PROVIDED MATERIAL:
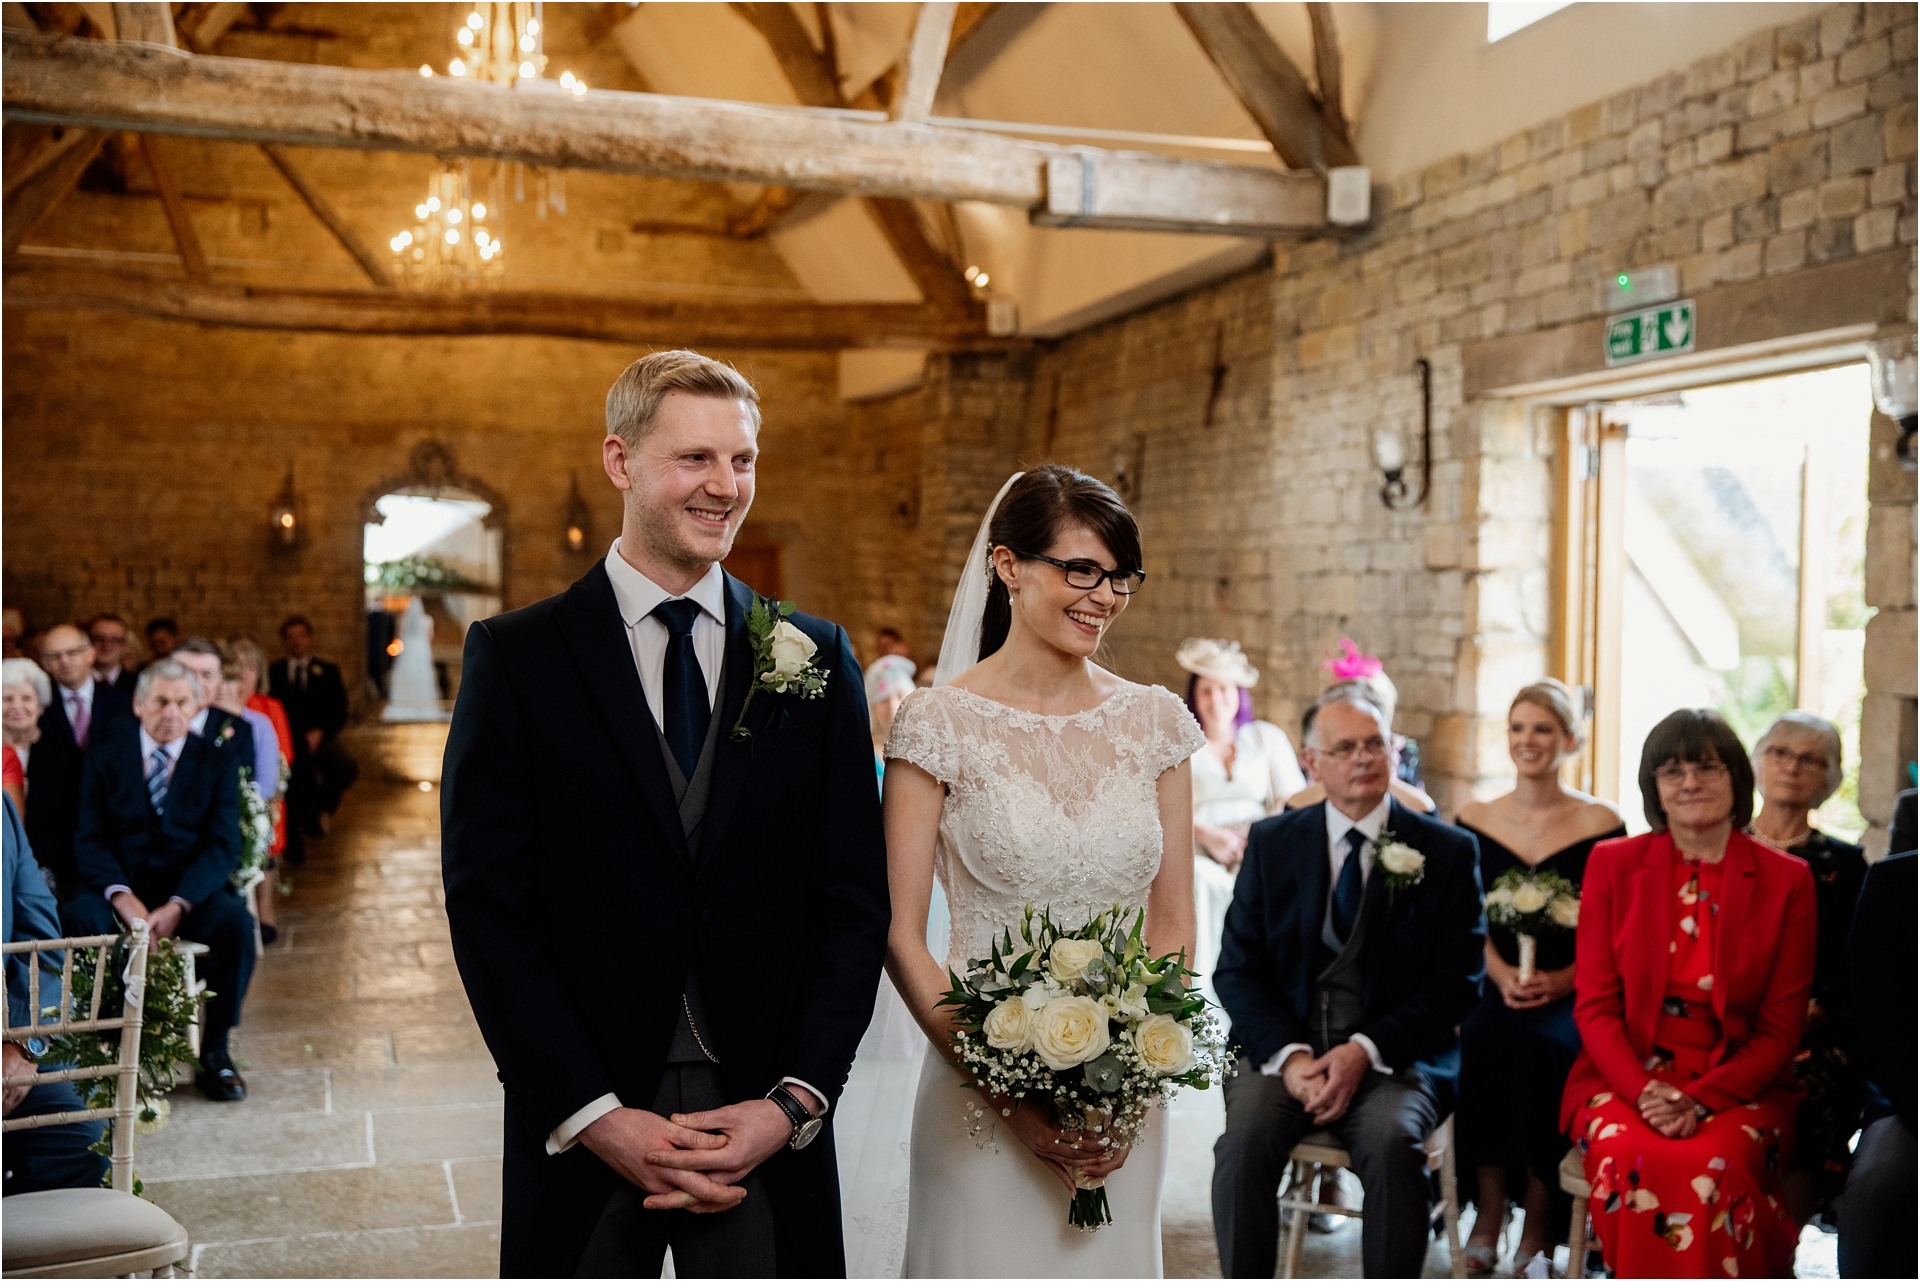 wedding ceremony at Blackwell Grange
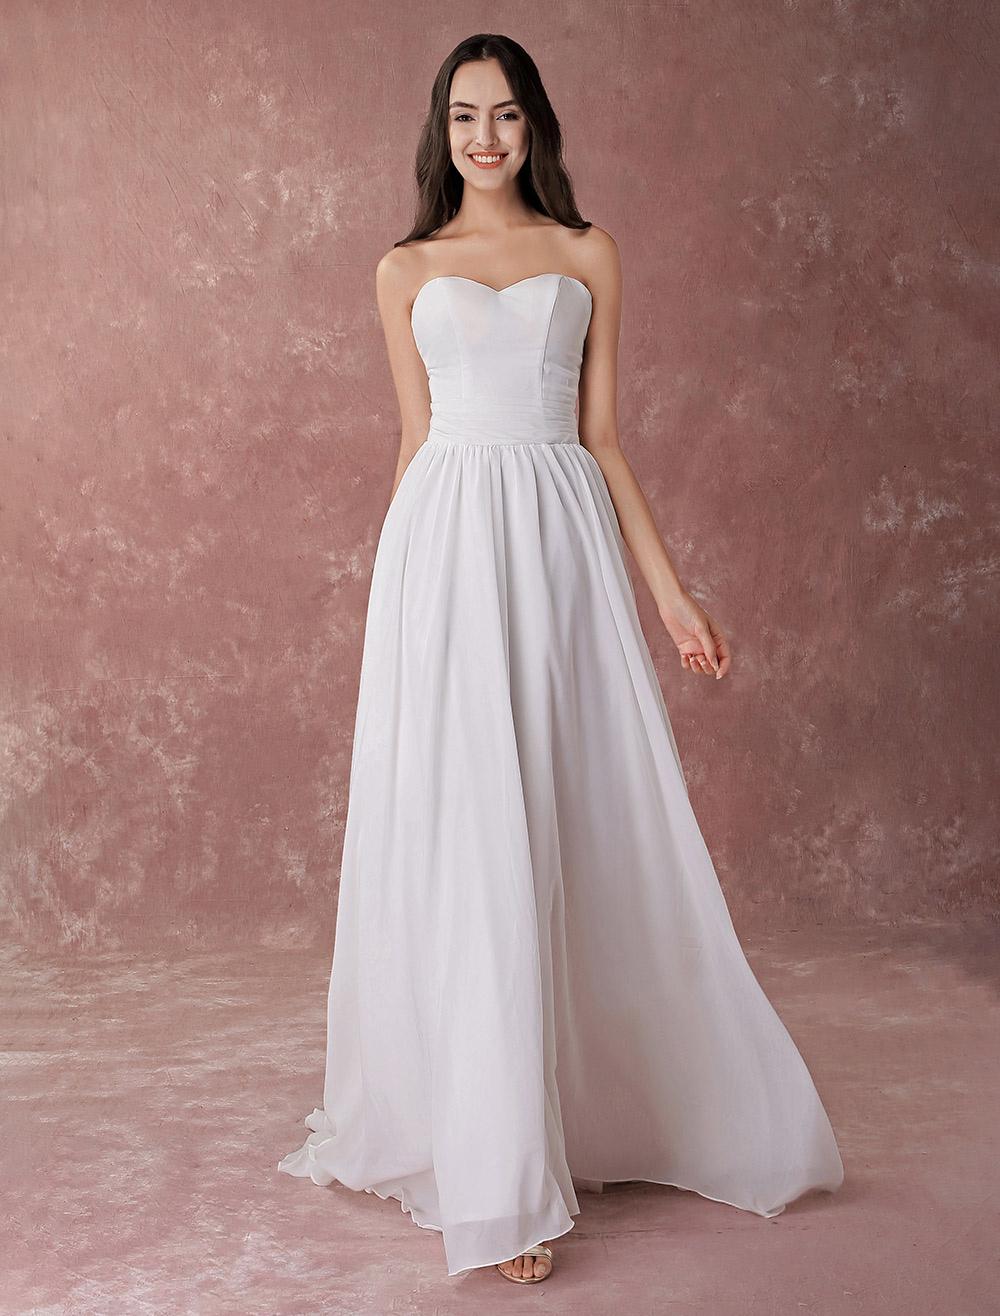 Sweetheart Neckline Beach Wedding Dresses
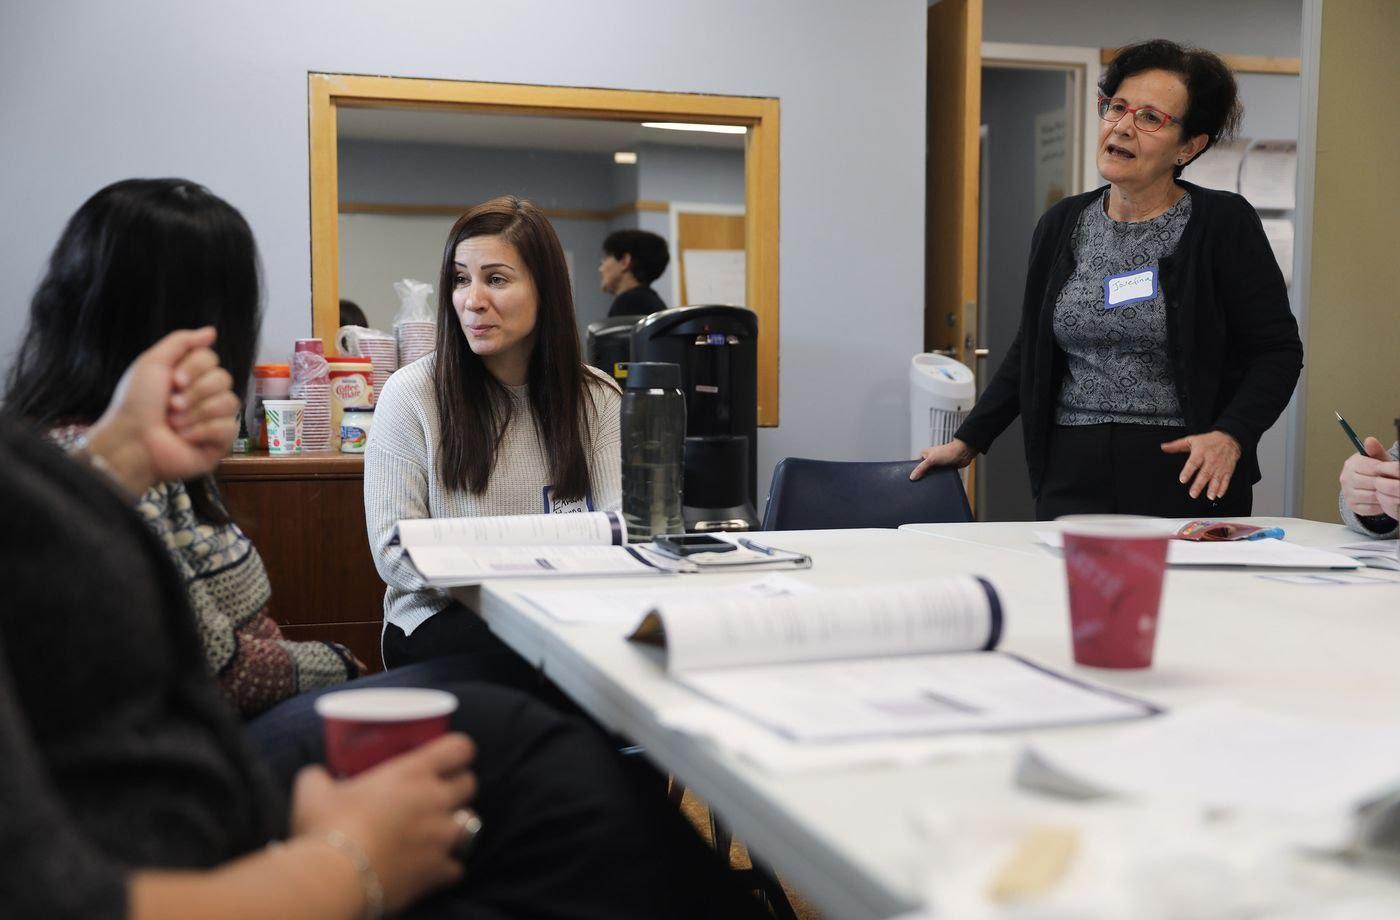 Ekram Hanna, center, and Josefina Alvarez, right, conduct a mental health training at MIRA office on Dec. 7, 2019.

WHAT IS NEEDED:
Print verbatim every line above, apart from the pictures.

COMPLETED EXERCISE:
 wedding ceremony at Blackwell Grange
 Sweetheart Neckline Beach Wedding Dresses
 Ekram Hanna, center, and Josefina Alvarez, right, conduct a mental health training at MIRA office on Dec. 7, 2019.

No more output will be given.